Graham Hyde

Personal information
- Full name: Graham Hyde
- Date of birth: 10 November 1970 (age 55)
- Place of birth: Doncaster, England
- Height: 5 ft 8 in (1.73 m)
- Position: Midfielder

Senior career*
- Years: Team / Apps / (Gls)
- 1988–1999: Sheffield Wednesday / 174 / (11)
- 1999–2002: Birmingham City / 51 / (1)
- 2001: → Chesterfield (loan) / 9 / (1)
- 2002: → Peterborough United (loan) / 9 / (0)
- 2002–2004: Bristol Rovers / 58 / (3)
- 2004–2005: Hereford United / 32 / (0)
- 2005–2006: Worcester City / 13 / (1)
- 2006: Hednesford Town / 3 / (0)
- 2006–2007: Halesowen Town / 1 / (0)
- 2007–2008: Fleet Town / 1 / (0)
- Total:  / 351 / (17)

Managerial career
- 2011–2012: Redditch United
- 2012: Boston United (caretaker)
- 2013: AFC Telford United

= Graham Hyde =

English footballer (born 1970)

Graham Hyde (born 10 November 1970) is an English football manager and former professional player.

As a player, he was a midfielder from 1988 to 2008. He spent seven top-flight seasons with Sheffield Wednesday (six in the Premier League) and played in the Football League for Birmingham City, Chesterfield, Peterborough United and Bristol Rovers. He then moved into non-league football with Hereford United, Worcester City, Hednesford Town, Halesowen Town and Fleet Town.

In 2011, he became manager of Redditch United but departed at the end of the 2011–12 season. He later became the assistant manager of Boston United where he had a spell as caretaker manager before a period in charge of AFC Telford United in 2013.

==Playing career==
Hyde played for Sheffield Wednesday, Birmingham City, Chesterfield (on loan), Peterborough United (on loan), Bristol Rovers, Hereford United and Worcester City.

With his peak coming at the beginning of his career at Sheffield Wednesday, he made many Premiership appearances and played in the 1993 FA Cup Final. He signed for Birmingham from Sheffield Wednesday on 4 February 1999 on a free transfer after falling down the pecking order at Hillsborough, and helped the Blues win promotion to the Premier League in 2002. During his time at Birmingham he scored twice with strikes against Tranmere Rovers in the league and West Ham United in the League Cup. After spells on loan at Chesterfield (scoring once against Swindon) and Peterborough United, Hyde joined Division Three side Bristol Rovers in November 2002 having made no Premier League appearances for Birmingham.

He later played at non-league Worcester City, where he remained until March 2006 when he joined Hednesford Town. In November 2006 he returned to football as player/assistant manager at British Gas Business Southern League Premier Division side, Halesowen Town. He worked under manager Martin O'Connor, another former Birmingham player.

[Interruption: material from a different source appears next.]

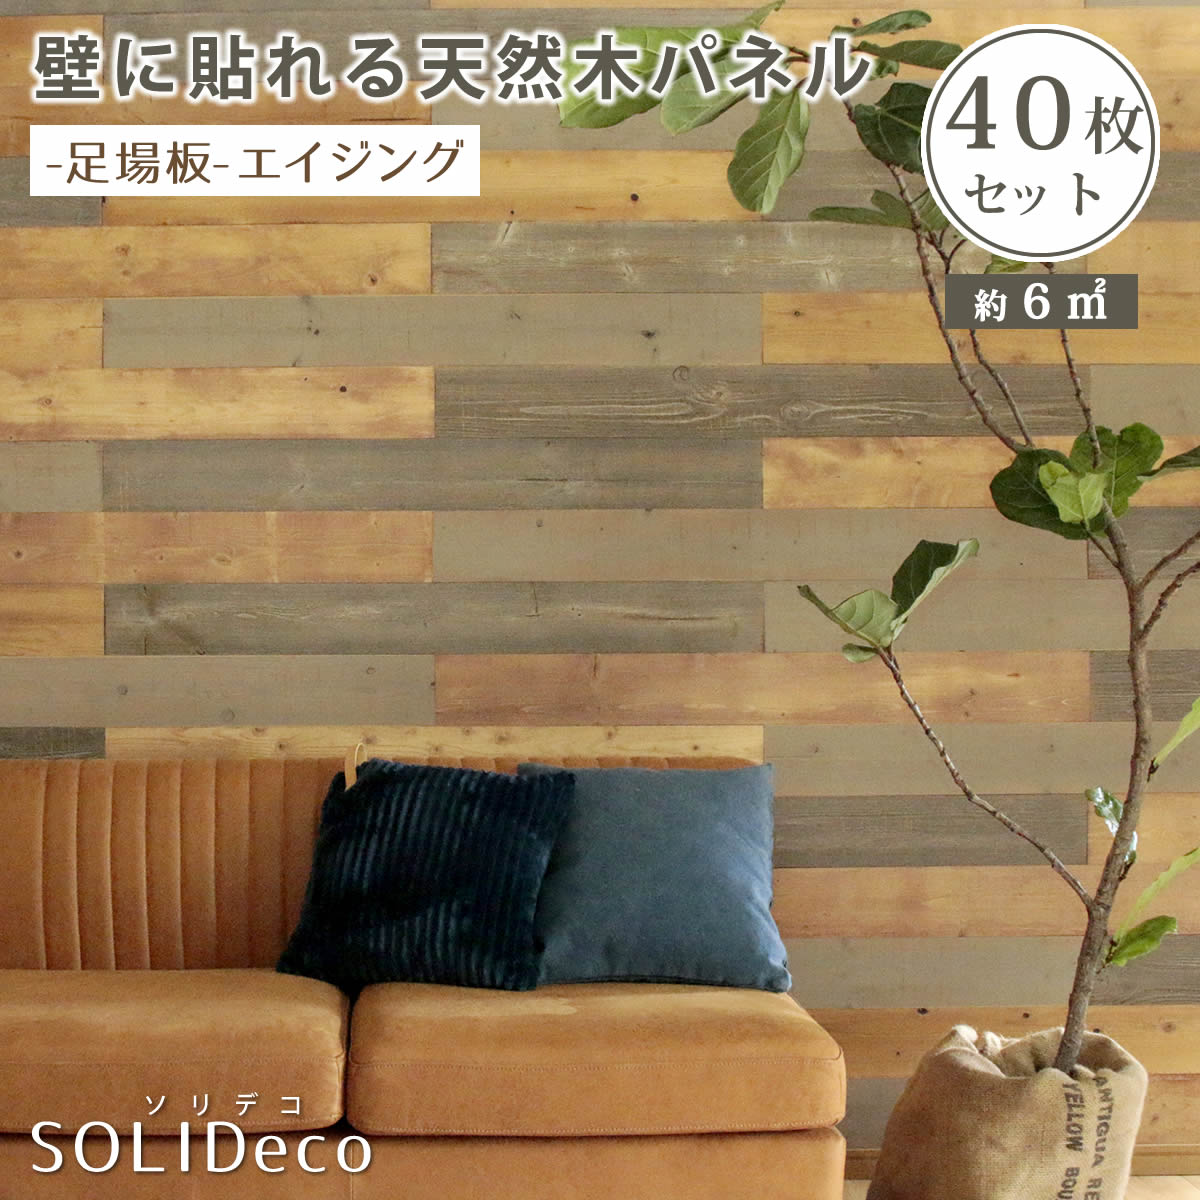 SOLIDECO 壁に貼れる天然木パネル 40枚組（約6m2）【送料無料 壁パネル ウォールパネル ウッドパネル DIY 壁紙】

In October 2007 Hyde signed for Fleet Town, managed by Hyde's former Sheffield Wednesday teammate Andy Sinton.

==Managerial career==
Hyde joined Redditch United as joint manager with Mark Fenemore in September 2011, taking sole charge in November 2011. After leading the club to Southern League Premier Division safety he resigned at the beginning of May 2012.

In the summer of 2012 Boston United parted company with joint manager Lee Canoville, deciding to keep Jason Lee on as the sole manager, in turn Lee brought in Hyde as his assistant. Hyde became caretaker manager when Lee was dismissed in December 2012.

In 2013, he joined AFC Telford United as the assistant manager to his former Sheffield Wednesday teammate Andy Sinton. The move came after former Telford assistant manager Mike Davies left his role at the bucks for work commitments. Sinton was dismissed by the Telford board, but Hyde remained as assistant manager working alongside Mark Cooper. On 1 March 2013, Cooper joined Swindon Town as assistant to Kevin MacDonald and Hyde was appointed manager until the end of the season. However, he resigned after only two games in charge.